The methane seeps found are in Alaska and Greenland in lakes along the margins of ice cover.
Samples showed that some of these are releasing the ancient methane, perhaps from natural gas or coal deposits underneath the lakes, whereas others are emitting much younger gas, presumably formed through decay of plant material in the lakes.
"We observed most of these cryosphere-cap seeps in lakes along the boundaries of permafrost thaw and in moraines and fjords of retreating glaciers," the report, led by Katey Walter Anthony from the University of Alaska at Fairbanks (UAF), said.
Emphasizing the point that warming in the Arctic is releasing this long-stored carbon.

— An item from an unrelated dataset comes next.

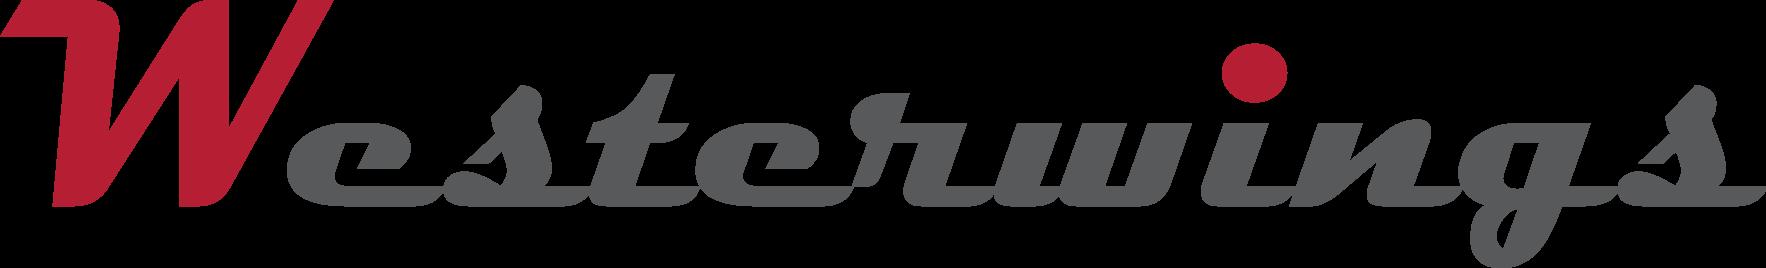 Westerwings
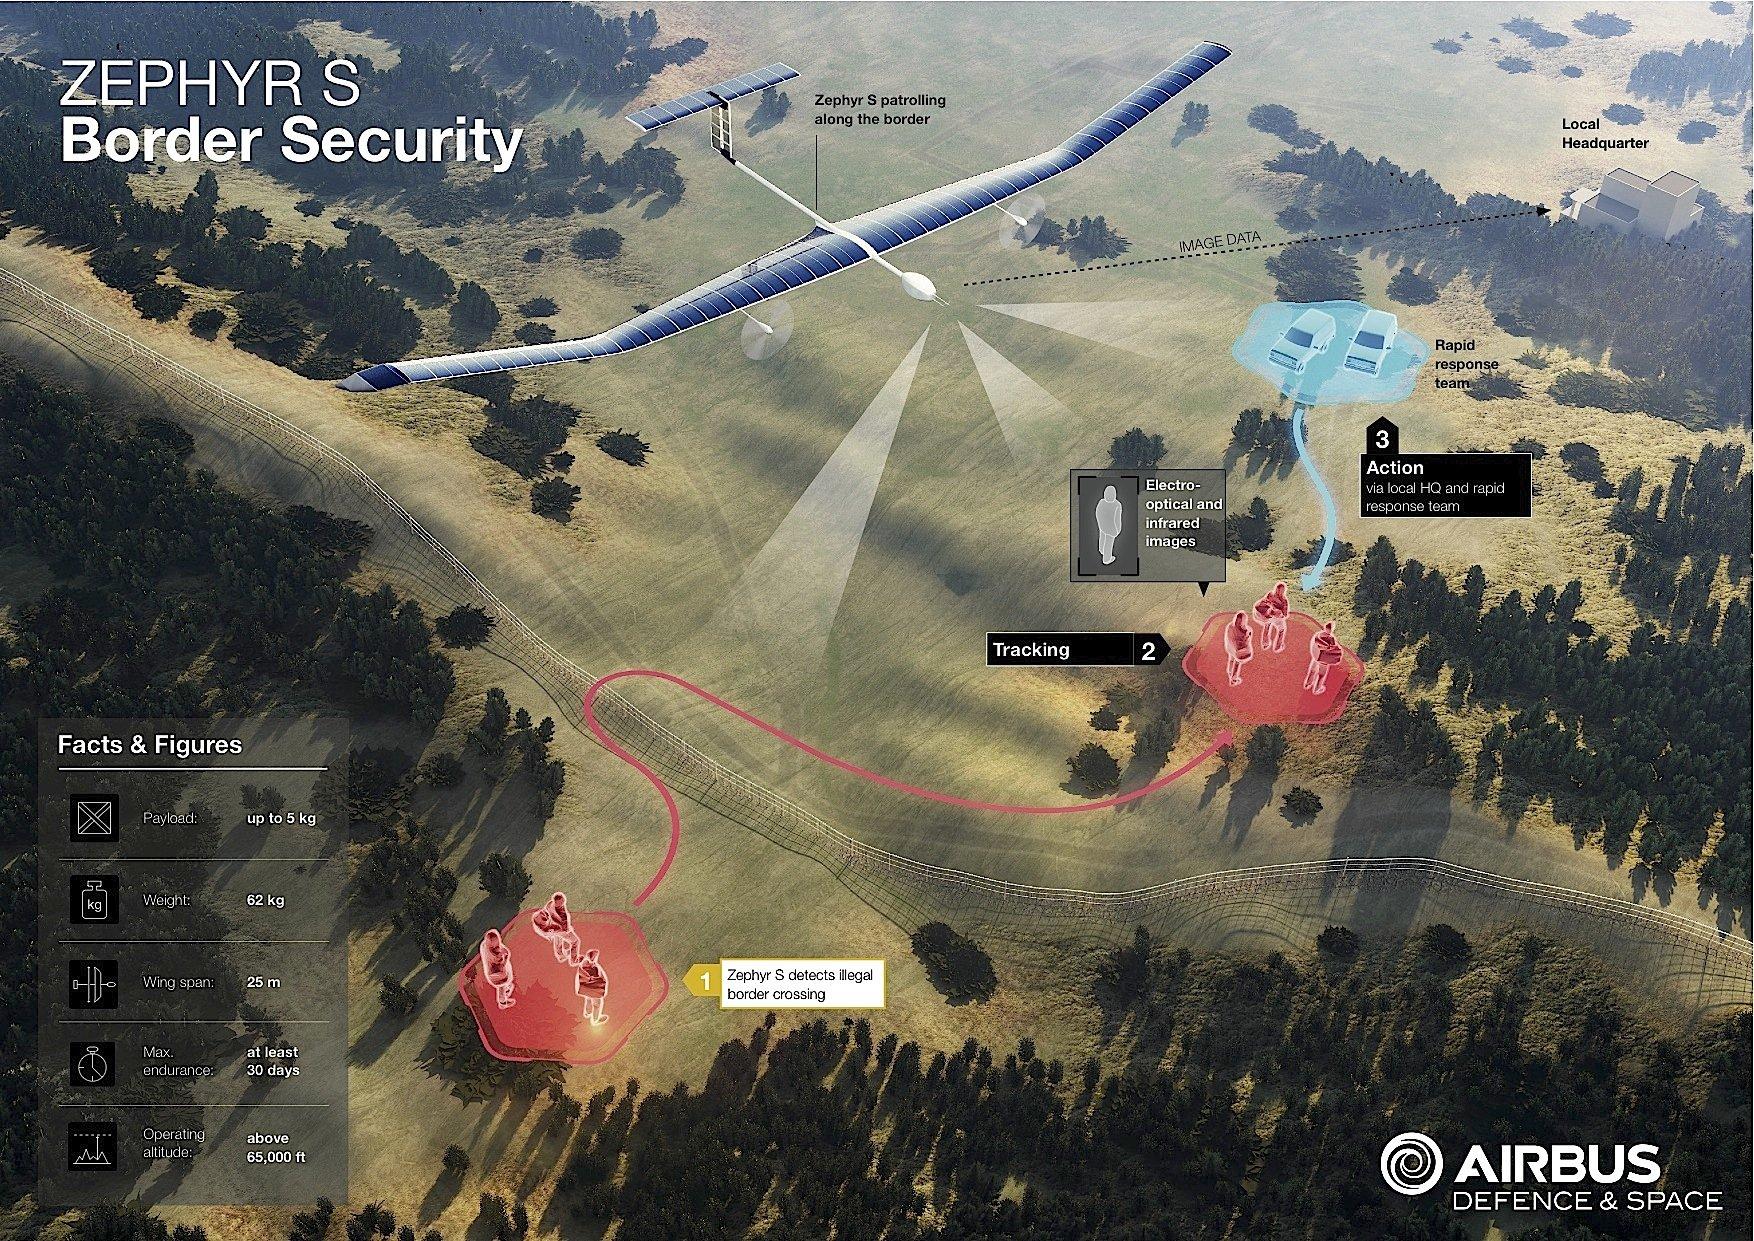 Einsetzbar sind die Zephyr-Dronen, um beispielsweise Grenzen zu sichern.

"If this relationship holds true for other regions where sedimentary basins are at present capped by permafrost, glaciers and ice sheets, such as northern West Siberia, rich in natural gas and partially underlain by thin permafrost predicted to degrade substantially by 2100, a very strong increase in methane carbon cycling will result, with potential implications for climate warming feedbacks."
The region stores vast quantities of the gas in different places - in and under permafrost on land, on and under the sea bed, and - as evidenced by the latest research - in geological reservoirs.
"The Arctic is the fastest warming region on the planet, and has many methane sources that will increase as the temperature rises," commented Prof Euan Nisbet from Royal Holloway, University of London, who is also involved in Arctic methane research.
"This is yet another serious concern: the warming will feed the warming."